Gene Prediction • Analysis by sequence similarity can only reliably identify about 30% of the protein coding genes in a genome • 50-80% of new genes that are identified having partial, marginal, or unidentified homolog • Frequently expressed genes tend to be more easily identifiable by homology than rarely expressed genes
Gene finding is species-specific • Codon usage patterns vary by species • Functional regions (promoters, translation initiation sites, termination signals) vary by species • Common repeat sequences are species-specific • Gene finding programs rely on this information to identify coding regions
Protein Coding Gene • ab initio using computational methods is the most suited to protein-coding genes • Protein-coding genes have recognizable features • open reading frames (ORFs) • codon bias • known transcription and translational start and stop motifs (promoters, 3’ poly-A sites) • splice consensus sequences at intron-exon boundaries
ab initio gene discovery • Protein-coding genes have recognizable features • We can design software to scan the genome and identify these features • Some of these programs work quite well, especially in bacteria and simpler eukaryotes with smaller and more compact genomes • It’s a lot harder for the higher eukaryotes where there are a lot of long introns, genes can be found within introns of other genes, etc.

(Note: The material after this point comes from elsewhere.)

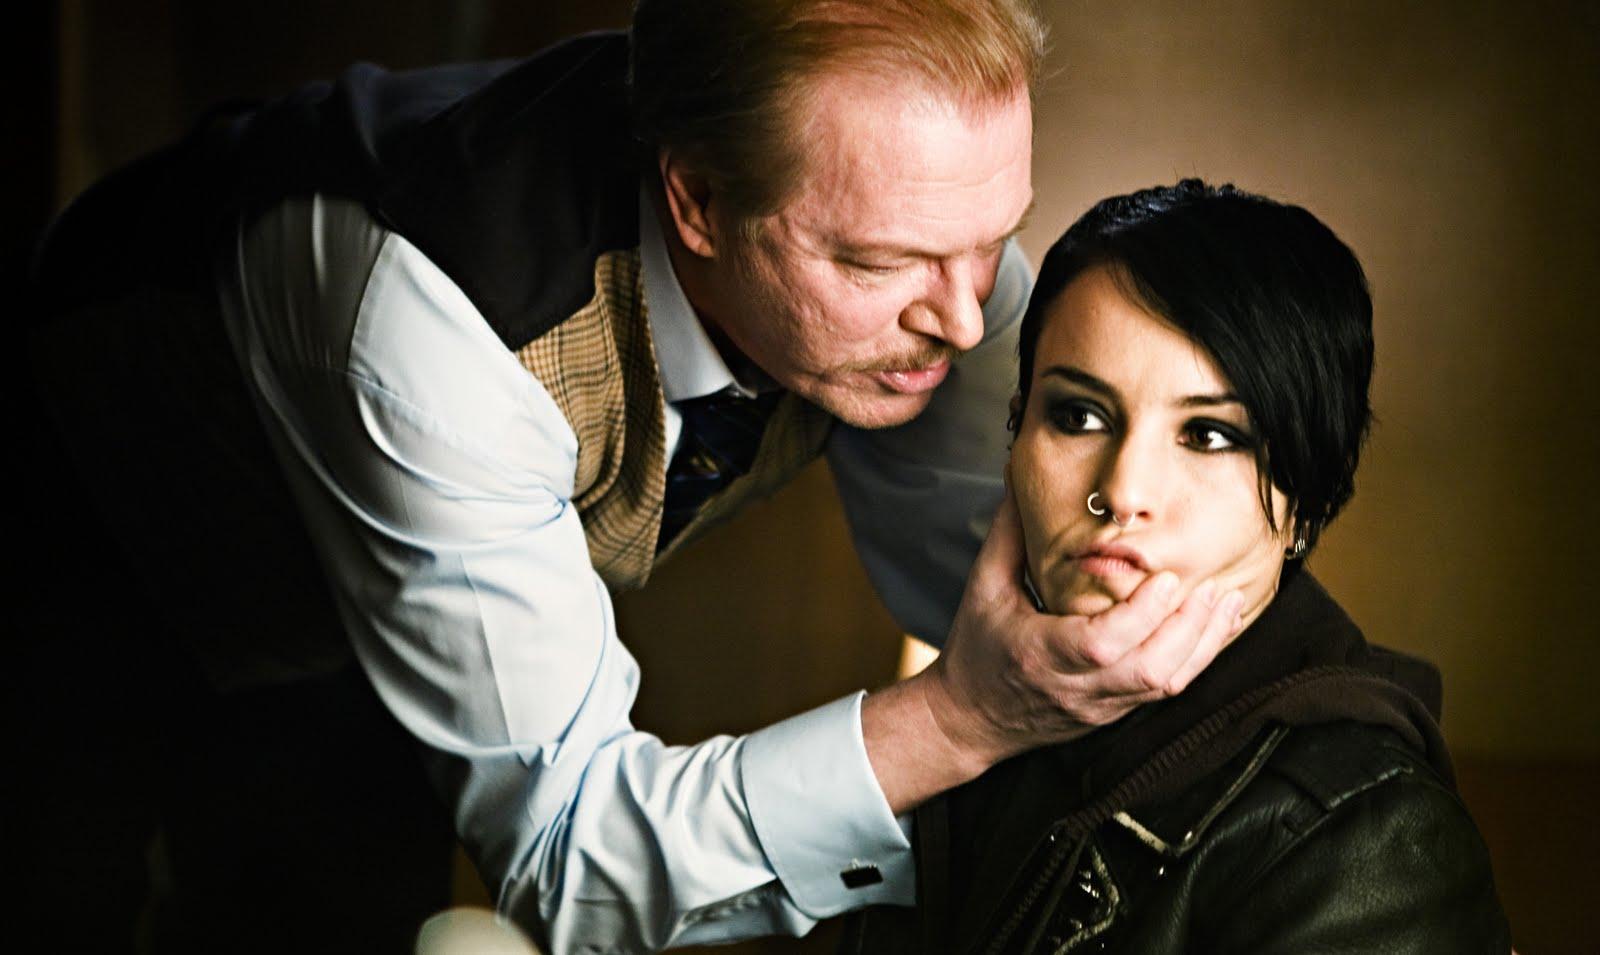 Coach paco bailac todo lo que atente contra la dignidad for Noomi rapace the girl with the dragon tattoo

ab initio gene discovery—Validating predictions and refining gene models Standard types of evidence for validation of predictions include: • match to previously annotated cDNA • match to EST from same organism • similarity of nucleotide or conceptually translated protein sequence to sequences in GenBank • protein structure prediction match to a PFAM domain • associated with recognized promoter sequences, ie TATA box, CpG island • known phenotype from mutation of the locus
Finding Non–protein Coding Genes • Non-protein coding genes (tRNA, rRNA, snoRNA, siRNA, miRNA, various other ncRNAs) are harder to find than protein-coding genes. Because • often not poly-A tailed—don’t end up in cDNA libraries • no ORF • constraint on sequence divergence at nucleotide not protein level, so homology is harder to detect
Finding Non–protein Coding Genes To find out, Non-protein coding genes, we have identify….. • secondary structure • homology, especially alignment of related species • experimentally • isolation through non-polyA dependent cloning methods • microarrays
ab initio gene discovery—approaches • Most gene-discovery programs makes use of some form of machine learning algorithm. A machine learning algorithm requires a training set of input data that the computer uses to “learn” how to find a pattern. • Two common machine learning approaches used in gene discovery (and many other bioinformatics applications) are • Dynamic programming model • Artificial neural networks(ANNs) and • Hidden Markov models(HMMs)
Control of Gene Expression—Transcription Factors • Transcription factors (TFs) are proteins that bind to the DNA and help to control gene expression. The sequences to which they bind are transcription factor binding sites (TFBSs), which are a type of cis-regulatory sequence • Most transcription factors can bind to a range of similar sequences. These can be found in either of two ways, as a consensus sequence, or as a position weight matrix (PWM). • Once we know the binding site, we can search the genome to find all of the (predicted) binding sites
Evidence based Approaches • Comparative or similarity based gene prediction • Combine gene models with alignment to known ESTs & protein sequences
Gene Prediction Tools • SNAP • TwinScan • Gnomon (NCBI) • GeneWise • Jigsaw • GLEAN • Grail • BLAST • FASTAX • BLAT • WABA • MZEF, • MZEF-SPC • FGENESH
Genome Annotation-Much work remains • Despite good progress in identifying both protein coding and non-protein coding genes, much work remains to be done before even the best-studied genomes are fully annotated. • For the higher eukaryotes, only a tiny percentage of features such as TFBSs and other non-gene features have so far been indentified.